Closest to the proposed method is a search for ore minerals, including sampling rocks on the study area, analyzing them for the content of ore elements, identifying and outlining anomalies of elevated concentrations of ore elements, identifying geochemical barriers to which these anomalies are confined, correlating these barriers with the corresponding by associations of chemical elements, the choice of all these factors of ore-promising anomalies of ore elements, concentrated on the corresponding geochemical Riera, and evaluate these anomalies mining and drilling operations [2]
This method is based on the use of geochemical barriers of the earth's crust, where at a short distance there is a sharp decrease in the intensity of migration of chemical elements and, as a result, their concentration. The classification of geochemical barriers was developed and proposed to be used by A.I. in order to search for ore minerals. Perelman. When searching in this way, the detected anomalies of chemical elements are compared in composition with typical associations of chemical elements, and the geological situation of the studied anomaly is compared with a description of typical anomalies of this classification. Find standard descriptions of the types of anomalies that are similar to those observed, and make a conclusion about the ore prospects of this anomaly.

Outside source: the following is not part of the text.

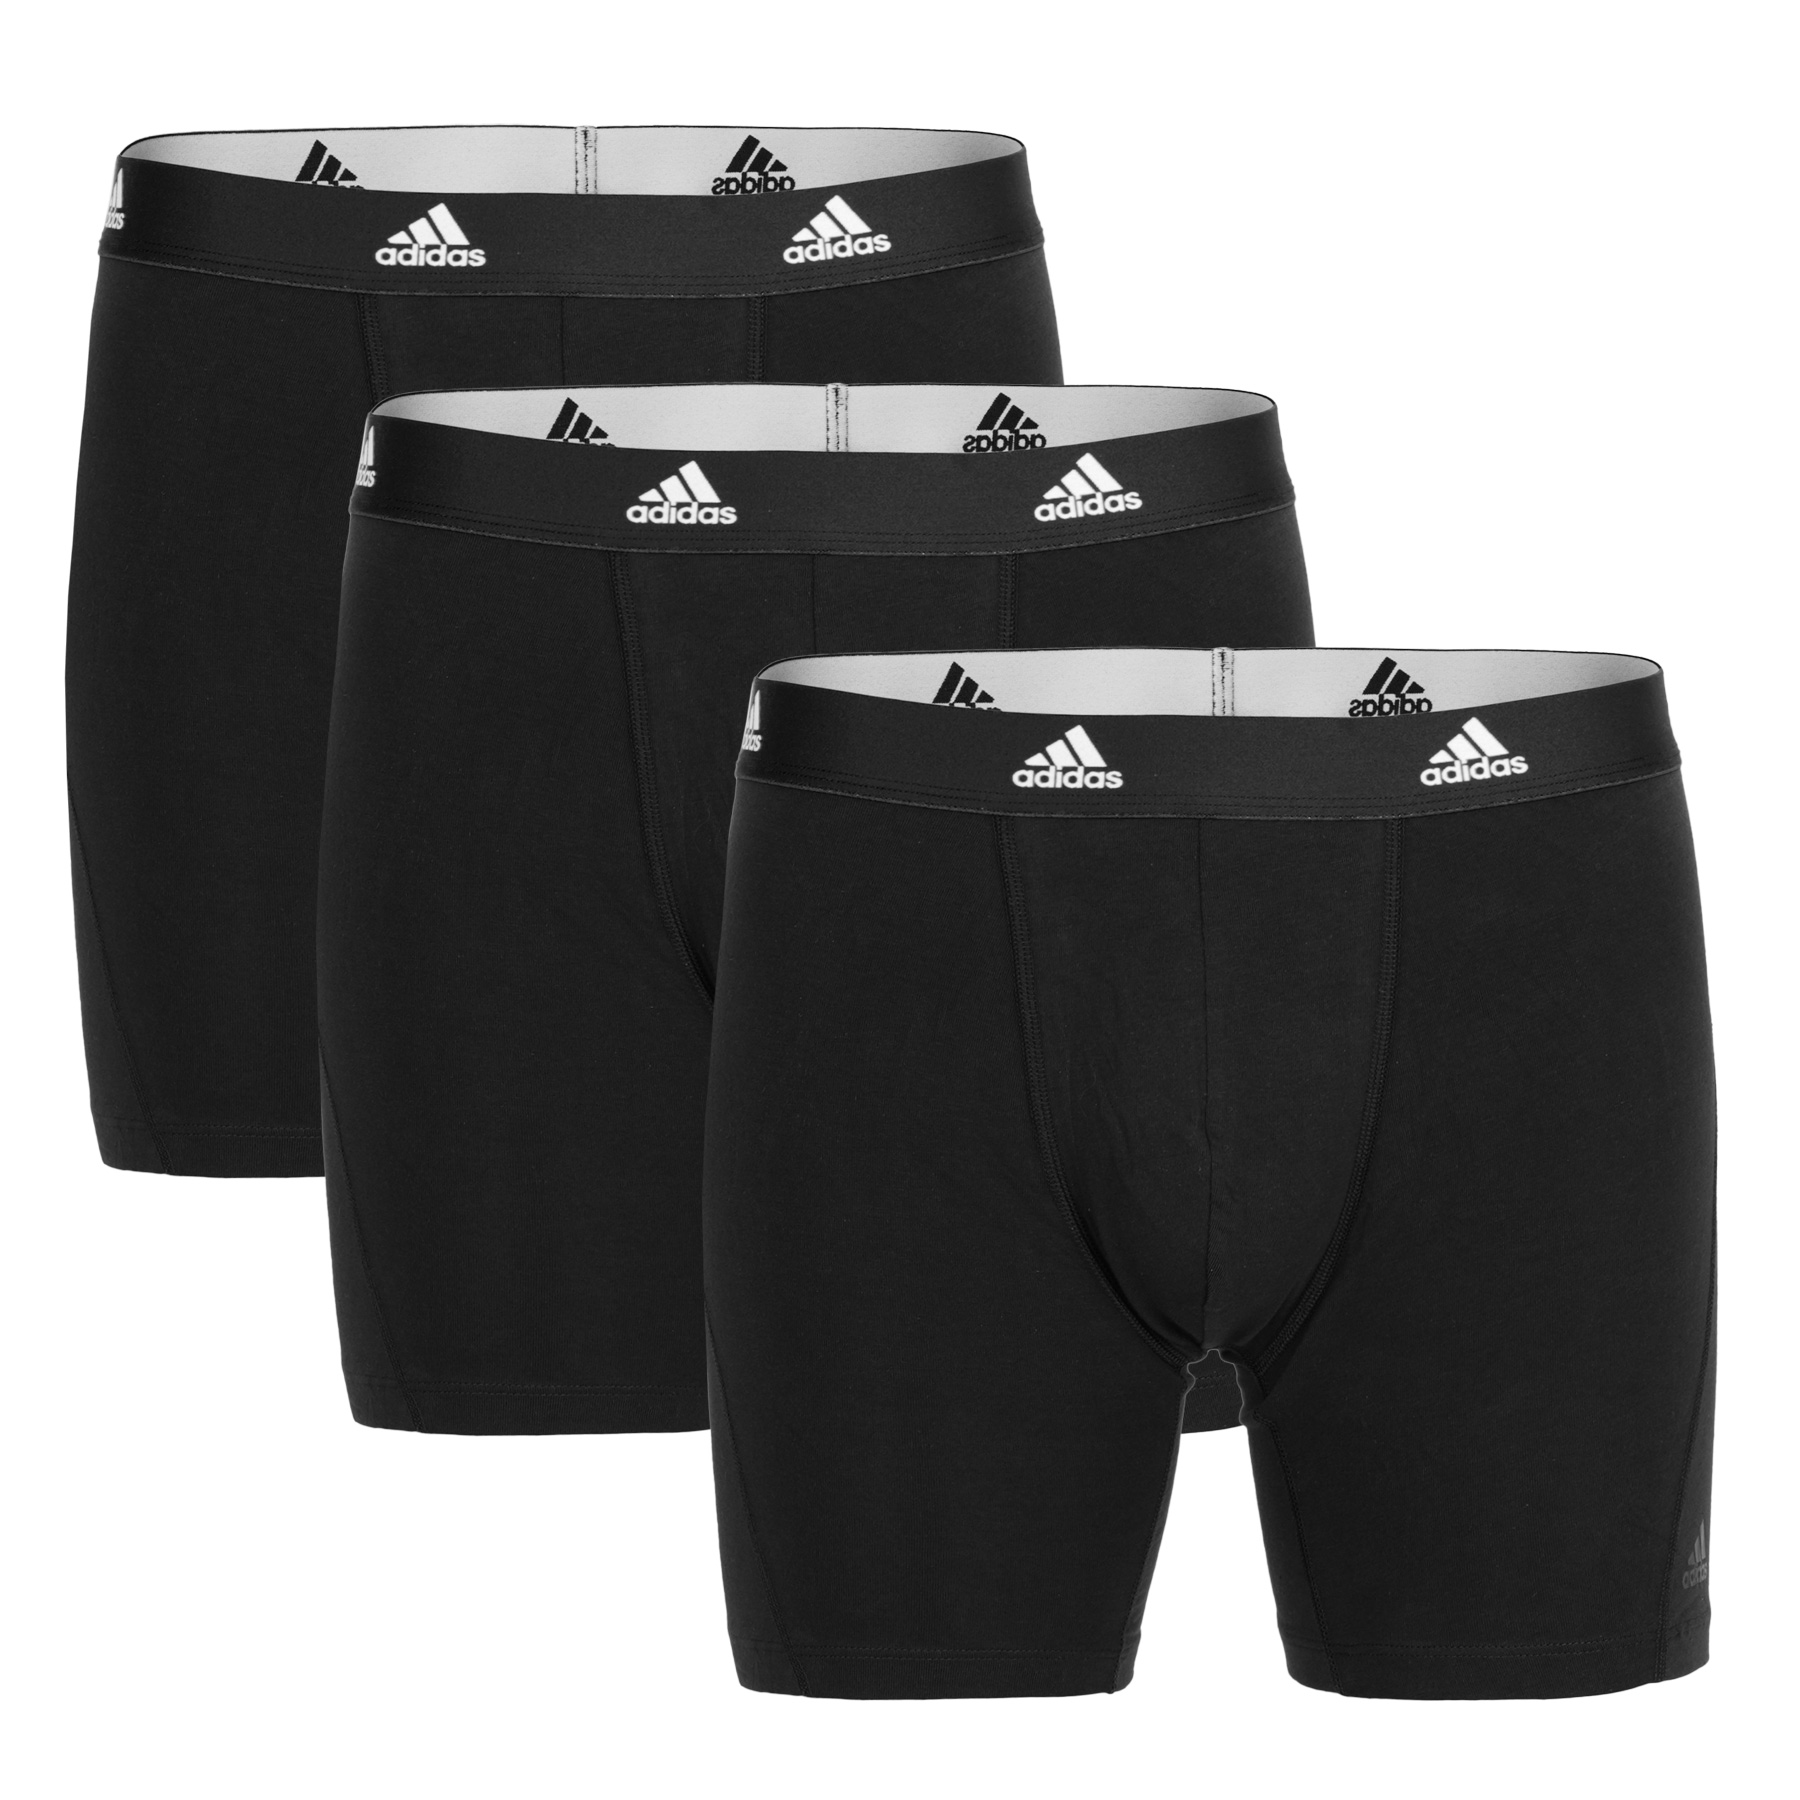 Picture of adidas Sports Underwear Active Flex Cotton Boxer Brief Men - 3 Pack - 000-black

 However, this method of geochemical prospecting has a limited scope, since it allows you to only search for clusters of hypergenic ores. It is based on the classification of concentrations of chemical elements at the geochemical barriers of the hypergenesis zone, which reflects the laws of migration and deposition of chemical elements only in this zone. At the same time, the bulk of ore deposits are represented by endogenous types of ore concentrations, the spatial distribution patterns of which obey the laws of endogenous migration and deposition of chemical elements, which differ significantly from similar patterns of the hypergenesis zone. In hypergenic and endogenous processes, the sources of ore material are significantly different, which fundamentally affects the spatial distribution of ore objects. Therefore, using the search method for the prototype, it is impossible to search for endogenous ore bodies of minerals.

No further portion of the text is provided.